Познать всего этого двадцатилетнему Рорику не пришлось: как только юношей начали призывать на Гражданскую, его (не без деятельного участия Мама́) зачислили во Второй инженерный батальон и отправили номинально на Северо-Западный фронт, а фактически как можно дальше от военных действий. Вожега, Вологда, Великие Луки, Двинск… Чем занимался батальон? Взрывал бывшие немецкие фортификации времён Первой мировой и строил свои – «на случай возможного наступления». Чем занимался юный Эйзен? Читал о театре – античном, немецком, комедии дель арте и русском балагане – и мечтал о том же. Служба была тихая, непыльная: времени хватало и на книги, и на мечты. Из всех революций на тот момент более всего волновала опубликованная недавно «Революция театра» Георга Фукса.

Смерть, которую он увидел «на фронте», и та напоминала искусную декорацию: кости немецких солдат устилали поросшие травой окопы – лежали безмолвные, в тишине пустых полей, ожидая взгляда живых. Другой смерти техник-строитель Э. во время Гражданской не наблюдал.

Где-то в Петрограде люди пухли от голода и умирали. Сам Питер стремительно пустел – две трети жителей бежали за первые революционные годы, дворовых собак и кошек поели. Улицы населили мешочники и мелкобандитская шушера, нищие и стайки беспризорников. Заводской люд бастовал, требуя хлеба и тёплой одежды с обувью (старая поизносилась, а новой никто не шил), – заводы осаждала армия, расстреливала зачинщиков и принуждала к работе… Но это было где-то там, в далёкой столице. А в армии – кормили постоянно, хоть и скудно: в письмах к Мама́ Рорик прилежно докладывал о своём рационе, где были и яйца, и даже молоко в количестве литра или полутора в день.

Рисовал по-прежнему много. Карандаш его стал острее и злее: шаржи сыпались из-под руки, как осенние листья на ветру, – то скабрёзные, то ехидные донельзя. Сослуживцы привыкли, что во время беседы Эйзен то и дело тянулся к блокноту и черкал в нём, почти не глядя, а после совал одному из собеседников изрисованный листок – по-прежнему продолжая разговаривать. Тот глядел на подарок – и (тут уж как повезёт) либо разражался смехом, либо цепенел оскорблённо. Двое получивших дары обиделись насмерть и прервали общение с насмешником. Один порывался вызвать на дуэль.
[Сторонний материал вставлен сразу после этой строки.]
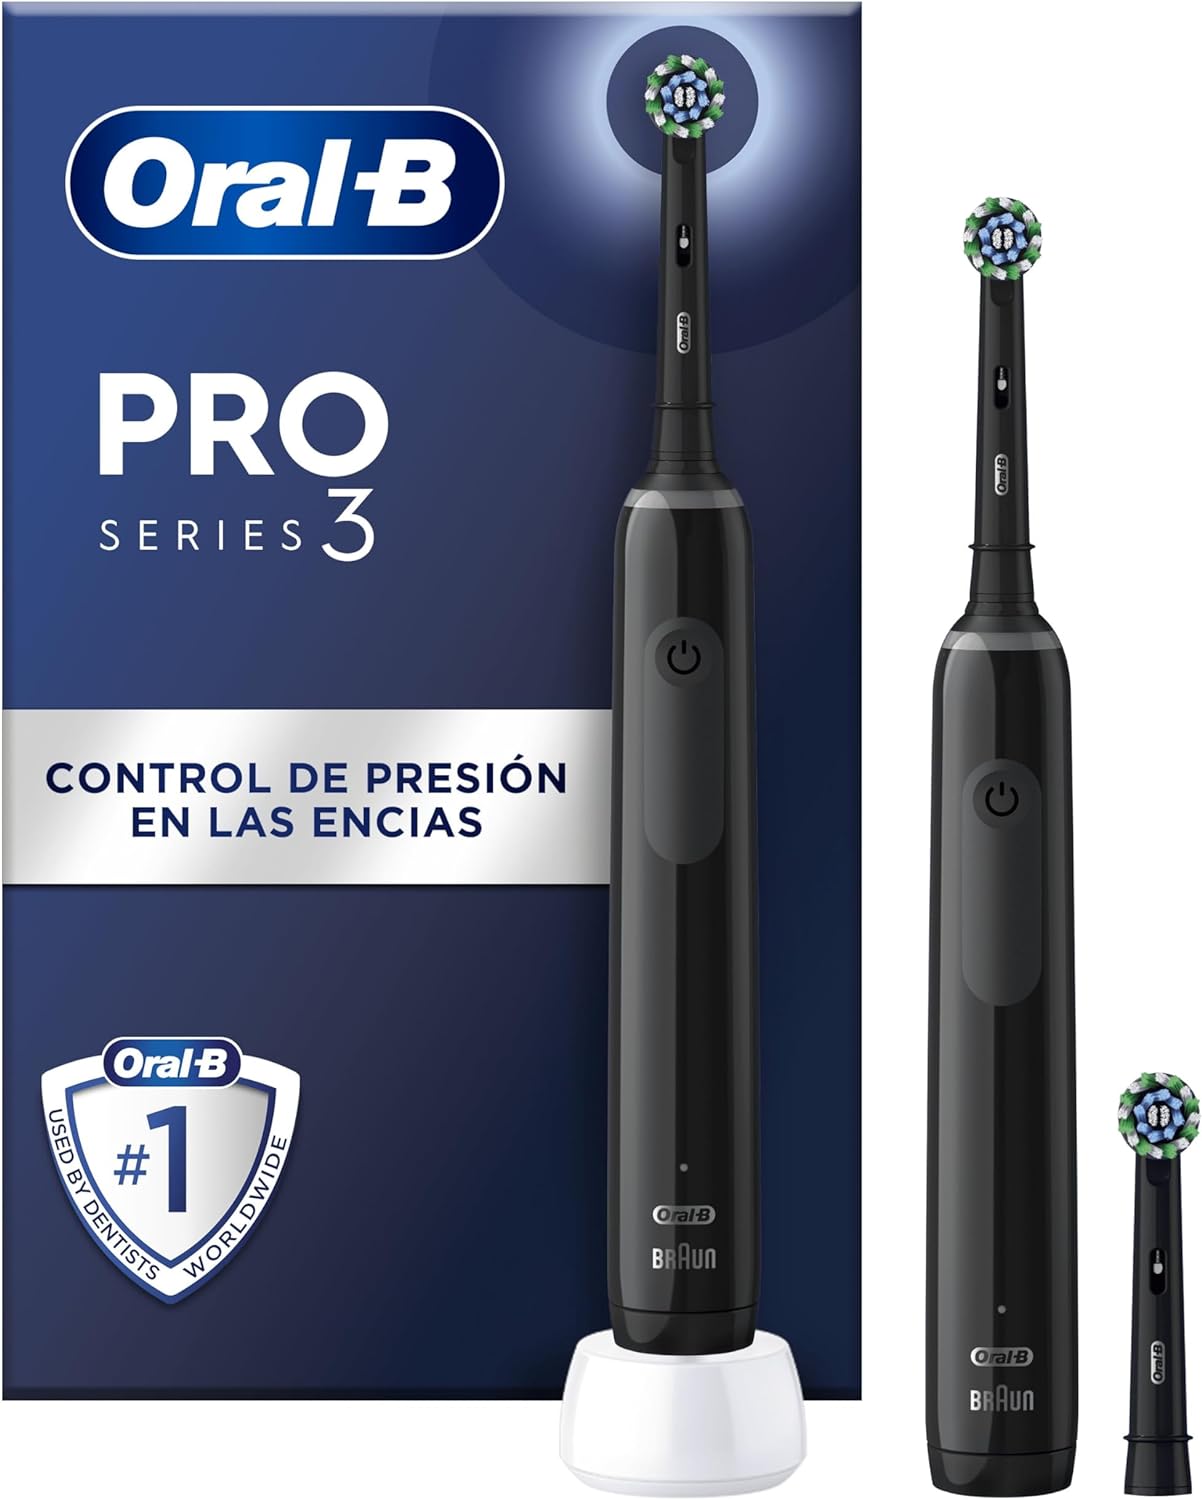 Oral-B Pro 3 3900 vs. Oral-B Pro 3 3000 vs. Oral-B Pro 3 3500

Военная жизнь длилась два года. Вдали от строгого взгляда Папа́ (тот вскоре после семнадцатого эмигрировал в Германию) и медовой улыбки Мама́ (эта осталась в России) два года сделали своё дело: юный Эйзен решил отклониться от курса, намеченного твёрдой родительской рукой. Убегал обходными тропами, петляя и путая следы: через армейский театральный кружок – до политотдела, художником-оформителем; из Минска, куда перевели политуправление, – до Москвы, изучать (внезапно) японистику в Академии Генштаба; а уже с Воздвиженки, где располагалась Академия, – на Каретный Ряд, в Первый рабочий театр.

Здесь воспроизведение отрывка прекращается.